问题拆分
1.找到各类试卷tag在2020年与2021年上半年的完成次数
-
- 试卷完成信息出现在exam_record表中,试卷类别出现在examination_info中,因此通过right join或者left join两表形成表t1;
....
exam_record t1
right join
examination_info t2
on t1.exam_id = t2.exam_id
....
-
- 由于需要2020年与2021年上半年的数据,在连接表时,使用where筛选submit_time;
....
where
year(submit_time) in (2021, 2020)
and
month(submit_time)<=6
....
- 3.筛选数据后,使用group by 依次对类别tag和答题时间submit_time进行分组,使用count(*)统计每类试卷每年的答题数量;
....
count(*) exam_cnt,
....
group by
tag,year(submit_time)
....
- 4.使用over()和rank()对每年的各类试卷进行排名,按照试卷完成数倒序排名;
....
rank() over(partition by year(submit_time) order by count(*) desc) exam_cnt_rank
....
形成t1
select
tag,
year(submit_time) start_year,
count(*) exam_cnt,
rank() over(partition by year(submit_time) order by count(*) desc) exam_cnt_rank
from
exam_record t1
right join
examination_info t2
on t1.exam_id = t2.exam_id
where
year(submit_time) in (2021, 2020)
and
month(submit_time)<=6
group by
tag,year(submit_time)
2.统计同比增长率以及排名变化(在t1表中计算即可)
- 主要思路:t1中的每类试卷有2020年以及2021年的完成数量,有两行数据,对tag使用group by分组变成一行数据,按照年份start_year使用if()和sum()嵌套进行计算。
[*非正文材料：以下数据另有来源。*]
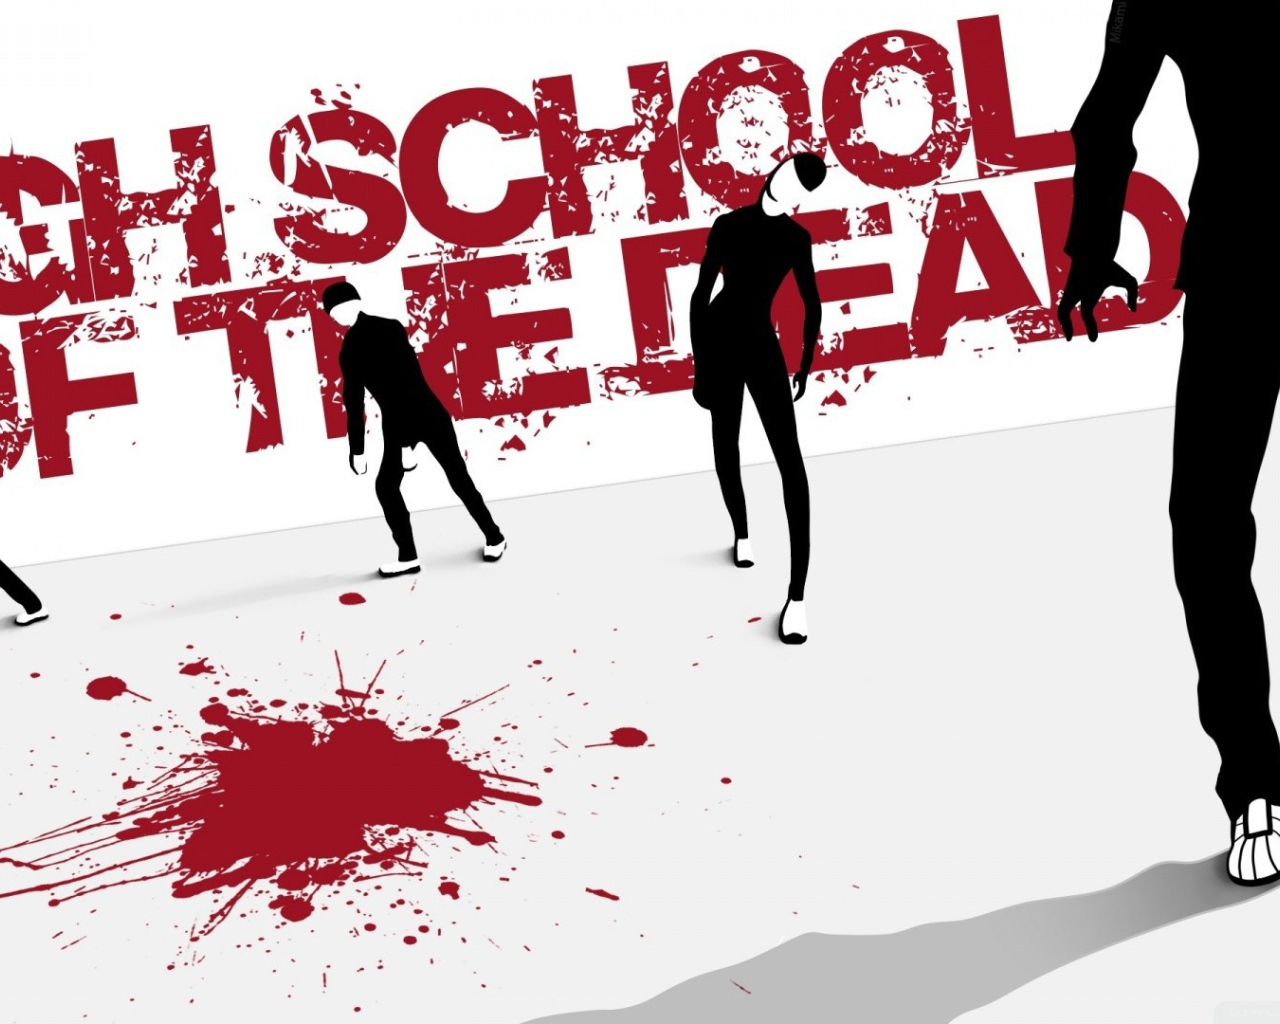 Лужа крови на постере аниме Школа Мертвецов

- 注意!!!为保证同类试卷在2020年与2021年都有数据,需要对group by 后的数据使用having进行筛选,满足count(*)=2
eg:计算2020年的试卷完成数量
sum(if(start_year=2020, exam_cnt, 0)) exam_cnt_20
eg:计算同比增长率(2021年完成数量减去2020年完成数量,再除以2020年完成数量)
sum(if(start_year=2020, -exam_cnt, exam_cnt))/sum(if(start_year=2020, exam_cnt, 0))
- 该部分统计代码
sum(if(start_year=2020, exam_cnt, 0)) exam_cnt_20,
sum(if(start_year=2021, exam_cnt, 0)) exam_cnt_21,
concat(round(100*sum(if(start_year=2020, -exam_cnt, exam_cnt))/sum(if(start_year=2020, exam_cnt, 0)),1), '%') growth_rate,
sum(if(start_year=2020, exam_cnt_rank, 0)) exam_cnt_rank_20,
sum(if(start_year=2021, exam_cnt_rank, 0)) exam_cnt_rank_21,
sum(if(start_year=2020, -exam_cnt_rank, exam_cnt_rank)) rank_delta
总体代码
select
tag,
sum(if(start_year=2020, exam_cnt, 0)) exam_cnt_20,
sum(if(start_year=2021, exam_cnt, 0)) exam_cnt_21,
concat(round(100*sum(if(start_year=2020, -exam_cnt, exam_cnt))/sum(if(start_year=2020, exam_cnt, 0)),1), '%') growth_rate,
sum(if(start_year=2020, exam_cnt_rank, 0)) exam_cnt_rank_20,
sum(if(start_year=2021, exam_cnt_rank, 0)) exam_cnt_rank_21,
sum(if(start_year=2020, -exam_cnt_rank, exam_cnt_rank)) rank_delta
from
(select
tag,
year(submit_time) start_year,
count(*) exam_cnt,
rank() over(partition by year(submit_time) order by count(*) desc) exam_cnt_rank
from
exam_record t1
right join
examination_info t2
on t1.exam_id = t2.exam_id
where
year(submit_time) in (2021, 2020)
and
month(submit_time)<=6
group by
tag,year(submit_time)) t1
group by
tag
having
count(*) = 2
order by
growth_rate desc, exam_cnt_rank_21 desc;